‘I made myself a hate magnet’: Roseanne Barr’s tearful first interview since racist tweet that killed her show
But the comedian maintains that critics ‘thought that I meant something that I, in fact, did not’ when she compared former Obama adviser Valerie Jarrett, who is black, to Planet of the Apes

In an emotional interview, Roseanne Barr said she definitely feels remorse for the tweet that prompted ABC to cancel the revival of Roseanne, but that her comparison of former Obama adviser Valerie Jarrett, who is black, to Planet of the Apes was not knowingly racist.
Barr recorded a podcast interview with her long-time friend, Rabbi Shmuley Boteach, who on Sunday published an edited transcript and recording of the conversation. In the interview, Barr claims she “never would have wittingly called any black person a monkey.”

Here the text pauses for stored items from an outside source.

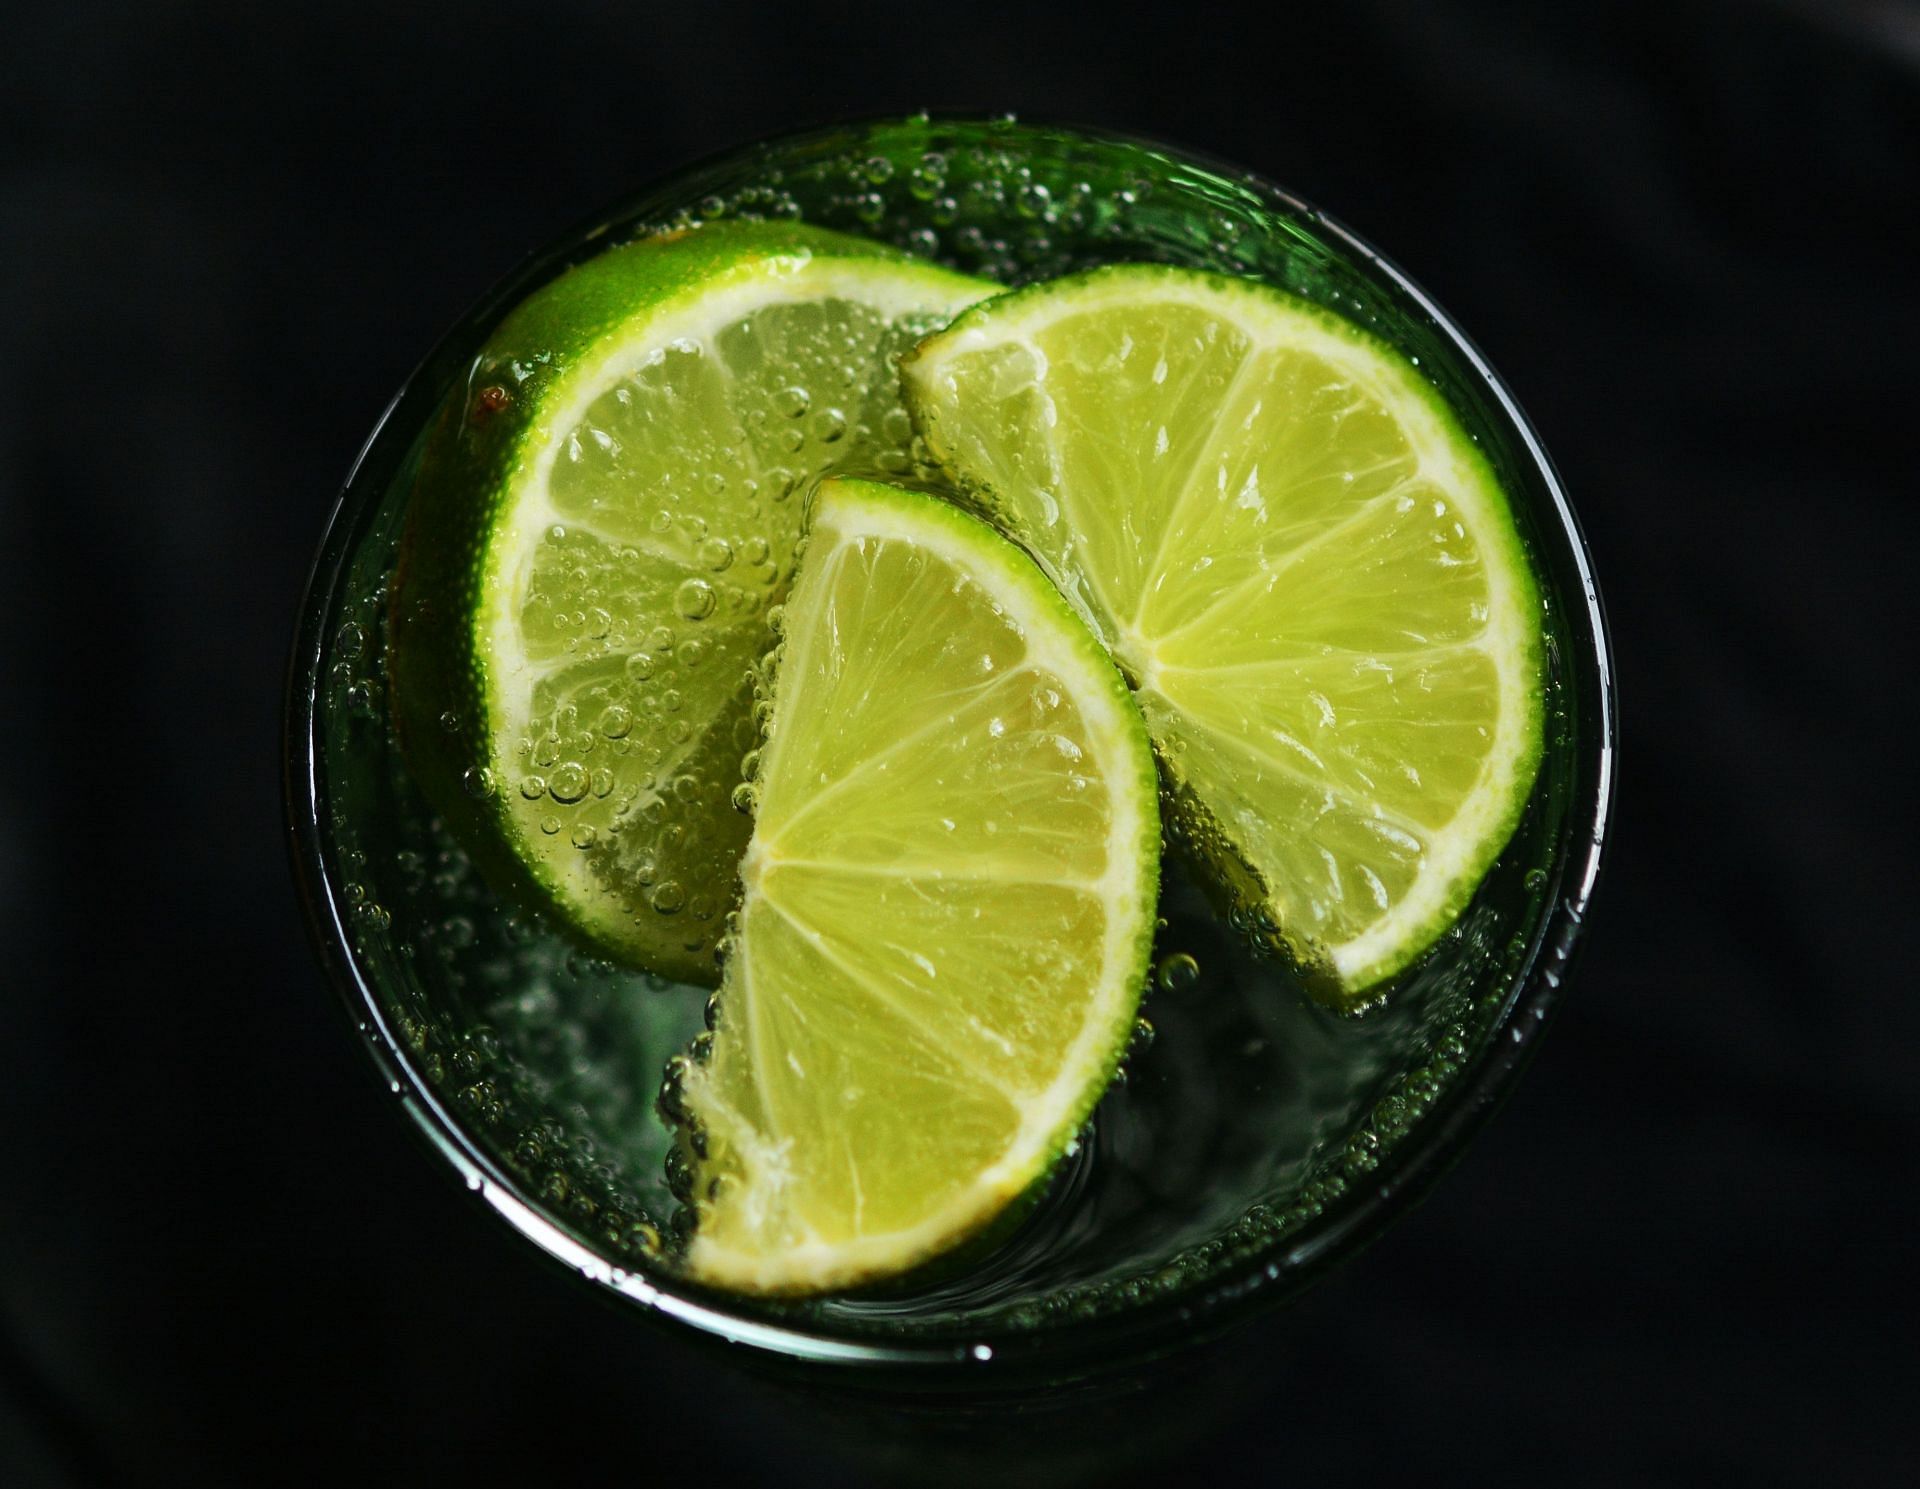 Lemon water helps you lose weight as it imparts a sense of fullness. (Image via Pexels/ Pixabay)
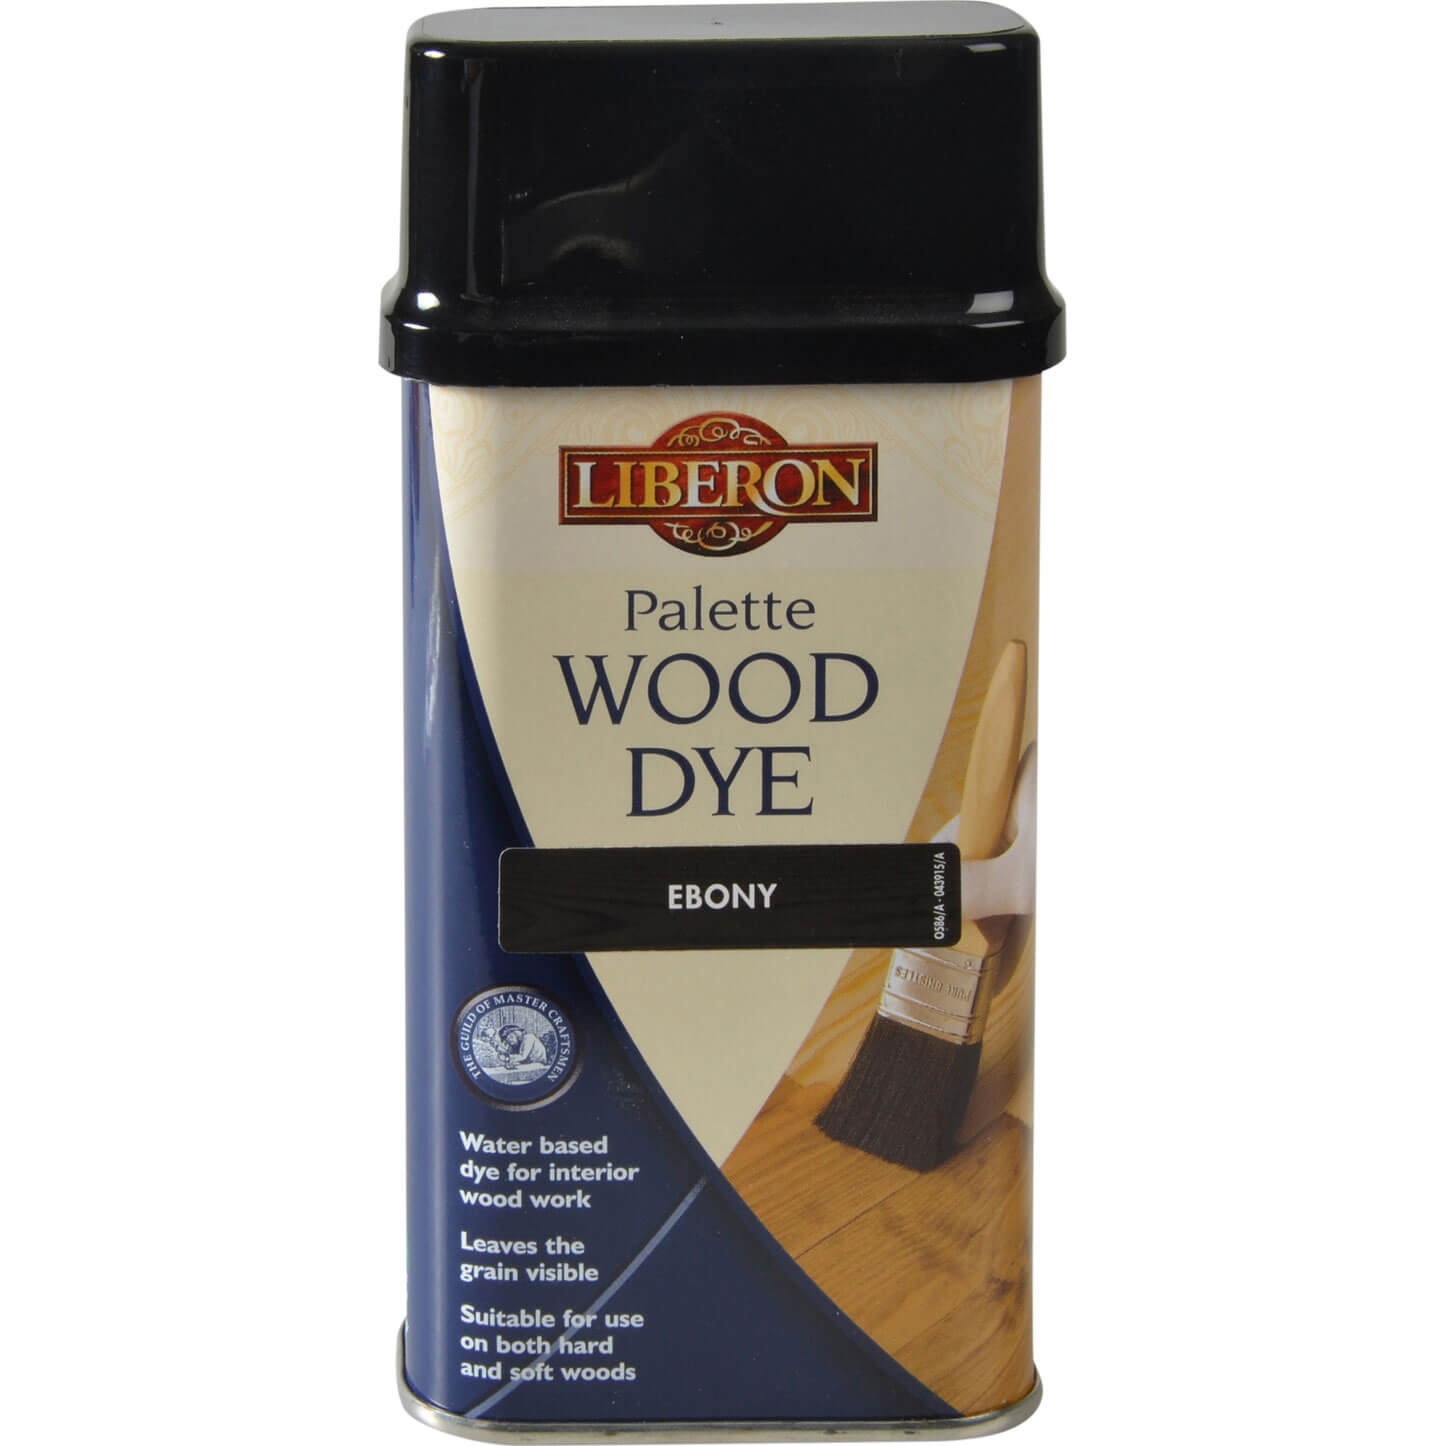 Image of Liberon Palette Wood Dye Ebony 250ml
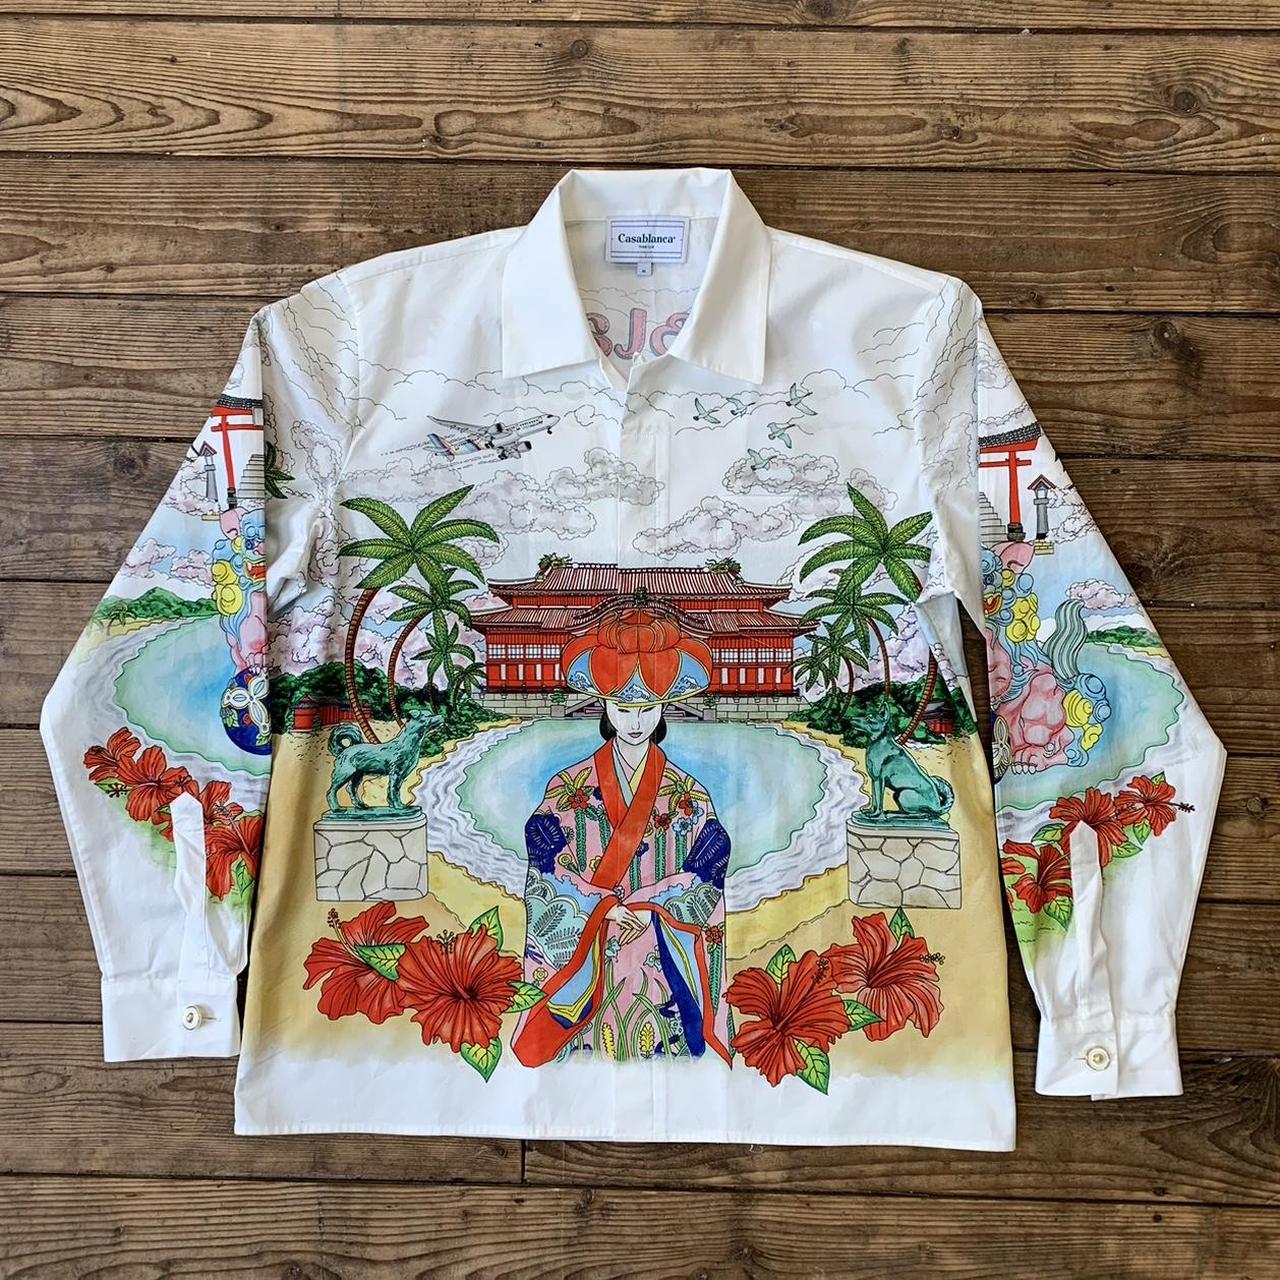 Casablanca Okinawa Cotton Shirt Stunning... - Depop
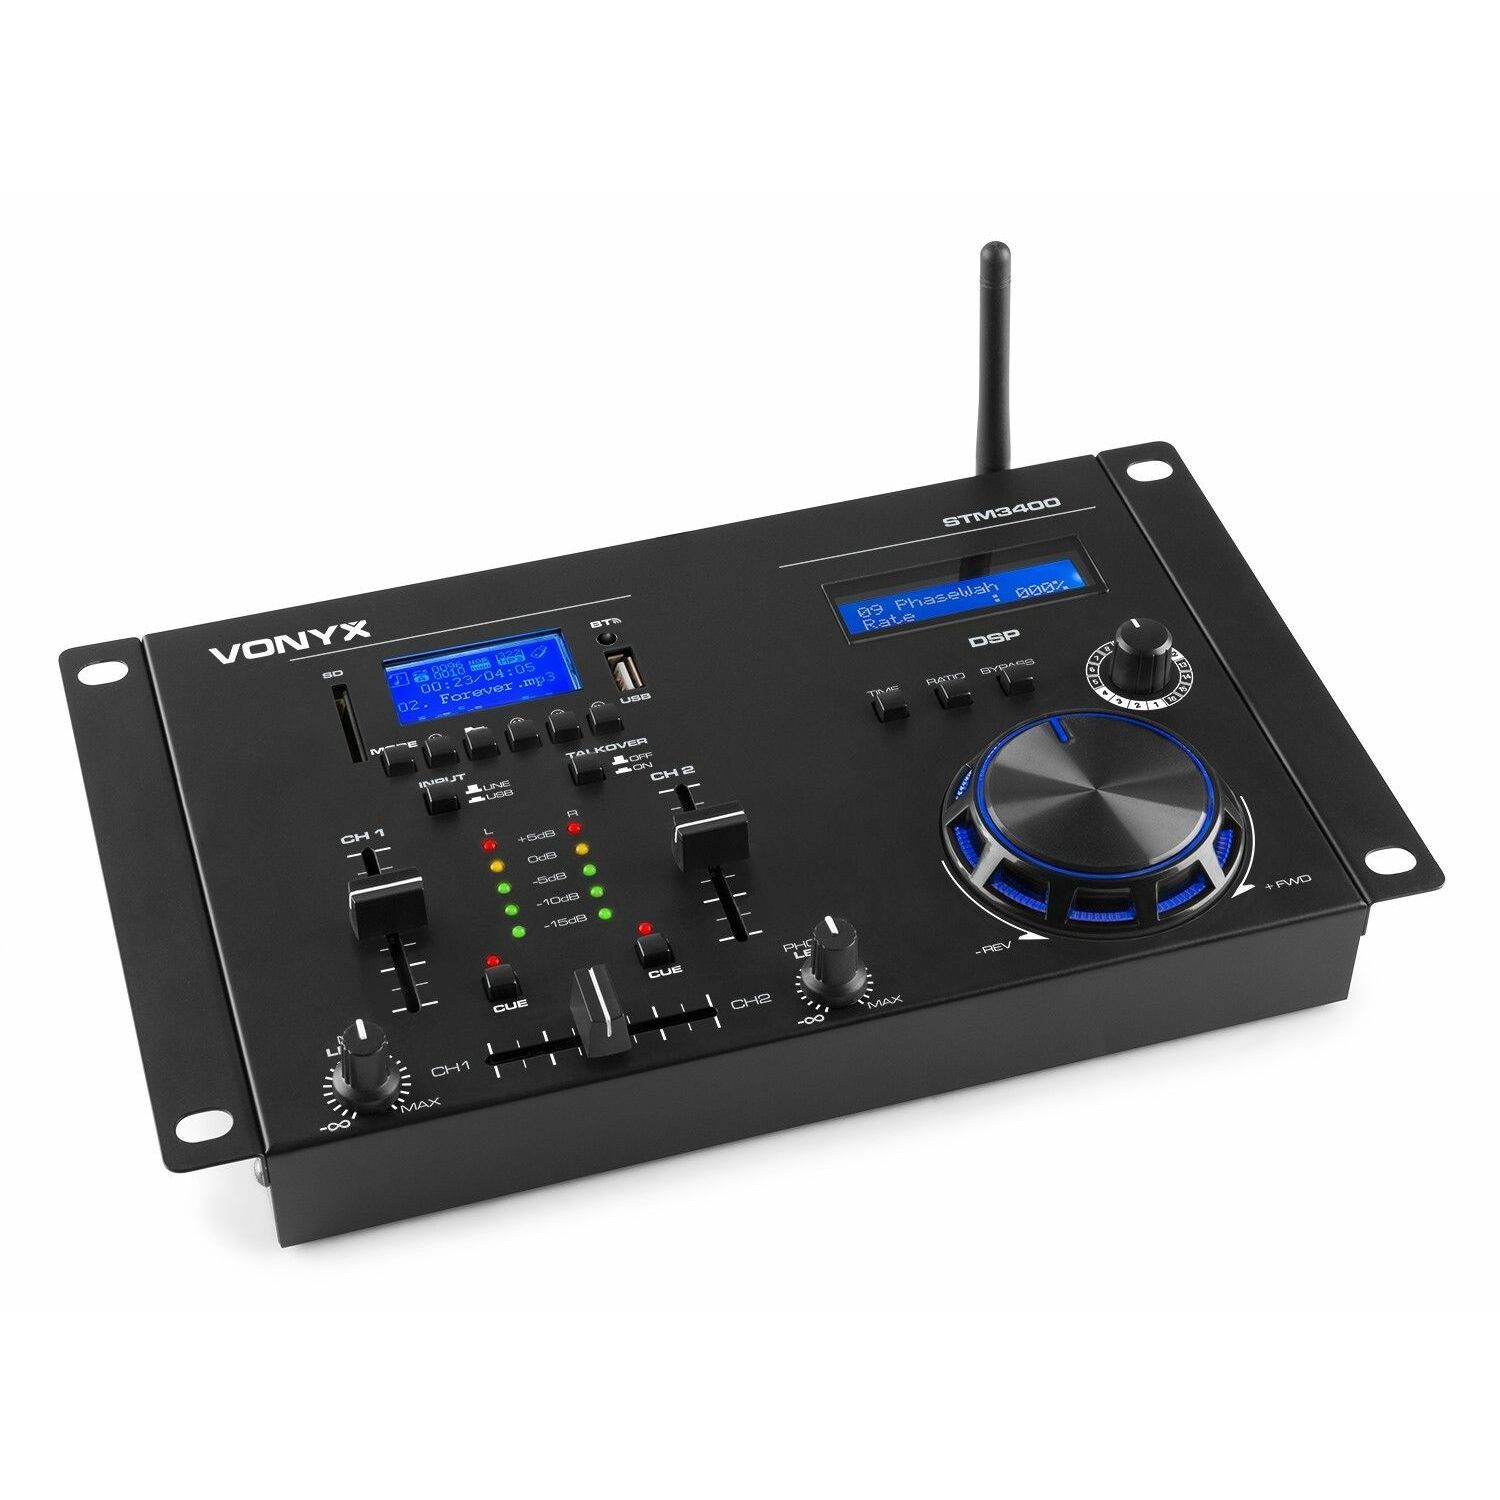 Retourdeal - Vonyx STM3400 mixer met scratch, Bluetooth en mp3

Barr spoke through tears for much of the interview, her first since the cancellation of Roseanne. She also lamented that some people don’t accept her explanation blaming the sleep drug Ambien for a tweet that likened Jarrett to a person created by the Muslim Brotherhood and “Planet of the Apes.”


“But I have to face that it hurt people,” Barr said. “When you hurt people even unwillingly there’s no excuse. I don’t want to run off and blather on with excuses. But I apologise to anyone who thought, or felt offended and who thought that I meant something that I, in fact, did not mean. It was my own ignorance, and there’s no excuse for that ignorance.”